- Born: 1707
- Died: 1777 (aged 69–70)
- Occupation: Ironmaster
- Children: 3

= Robert Morgan (ironmaster) =

Welsh ironmaster (1707–1778)

Robert Morgan (1707 – 1777) was an ironmaster and tinplate manufacturer in Carmarthen, South Wales, and the surrounding area. He owned the Carmarthen furnace, as well as forges at Kidwelly, Whitland and Cwmdwyfran.

== Early life ==
Morgan was born in Kidwelly in 1707.

== Career ==

=== Cwmdwyfran Ironworks ===
Robert Morgan founded Cwmdwyfran Ironworks before 1740. It is located on the River Gwili to the northeast of Carmarthen. The works were fueled by charcoal from timber from the Cwmdwyfran area. The annual production of the forge was 100–200 tons of bar-iron. Robert's sons ran the ironworks after his death, leasing the forge to Mr. Reynolds and Mr. Smith, until its closure in 1830.

=== Kidwelly Iron and Tin Works ===

An ironworks was built in Kidwelly at the end of the 17th Century, including a blast furnace. It was owned by Henry Owen in 1720 and not very prolific. Robert Morgan bought the forge in 1748. His success at this forge led to him establishing the Carmarthen ironworks. In 1750, the forge produced 100 tons of bar-iron.

The works were rebuilt a few years later to also manufacture tinplates. In 1758, Morgan entered into partnership with Lewis Rogers of Kidwelly to run the tin works. Iron produced at the Carmarthen furnace was refined at forges and then sent to Kidwelly for rolling and tinning. Morgan and Rogers disagreed, and, in November 1761, Morgan's involvement in the tin works was severed, but he still owned the forge in Kidwelly.

=== Carmarthen Iron and Tin Works ===

Robert Morgan rented the site of Carmarthen Priory from Lady Trevor to build an ironworks, which opened in 1748. The site was powered by a water-wheel working a large pair of bellows, and included a blast furnace built from the debris of the one at Whitland.

In 1757, Robert Morgan produced guns and shot for the Seven Years' War, but, by 1759, he was back to primarily producing iron for tin-plate.

He began building a tin-mill on the site in 1759, which was completed in 1761. On 5th May 1761, the first plate was tinned. Soon after, he built a second rolling mill, increasing the output capacity to 5,000 boxes of tin-plate per year. However, the mill rarely ran at full capacity as Morgan struggled to find buyers, particularly due to competition with the Kidwelly Tin Works.

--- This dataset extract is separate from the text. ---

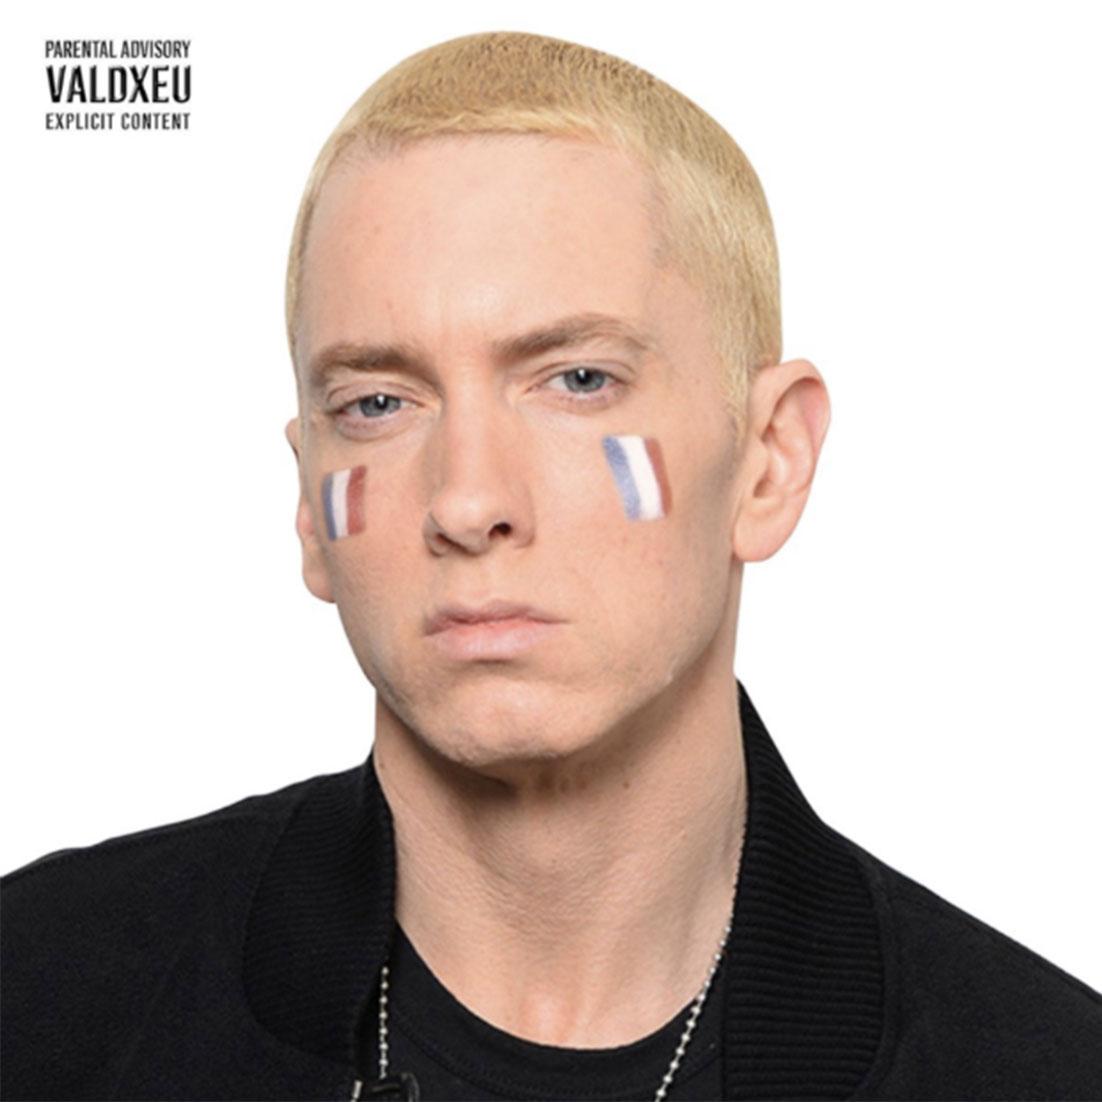 """Vald cover fans rap creation musique xeu visage eminem francais - Les meilleures pochettes réalisées pour """"XEU"""", le nouvel album de Vald"""

Tin was brought to the site from Cornwall and coal from Lancashire. The product was primarily sold in Bristol.

In 1771, Morgan bought the furnace and mills from Lady Trevor for £4000.

After Robert's death, his son John Morgan ran the ironworks, and, in 1788, the site produced 400 tons of bar-iron. In 1800, he passed the responsibility to his son, also called John Morgan. At this time, blackplate and rolled bars were the main products of the works. The coal was imported from Kidwelly on three sloops called William, Dragon and Mary Ann.

The tinworks were still functional in 1805. In 1808, the stock was valued at £8000. The works were sold to Mr. Reynolds and Mr. Smith, who also leased Cwmdwyfran forge. In 1823, the tin works were destroyed in a fire. In 1826, they moved the tin production to Aberavon.

The blast furnace at Carmarthen is now a Grade II listed building.

An iron bell produced by the Carmarthen Iron and Tin Works in 1802 is in the Carmarthenshire County Museum.

=== Other endeavours ===
In 1747, Morgan leased land in Llanelli to mine coal, which was taken to Carmarthen.

== Personal life ==
Morgan lived in Kidwelly, and then moved to Furnace House in Carmarthen in 1761. He had three sons: Robert (1738), John (1739–1805) and Charles (1743–87), and died in 1777.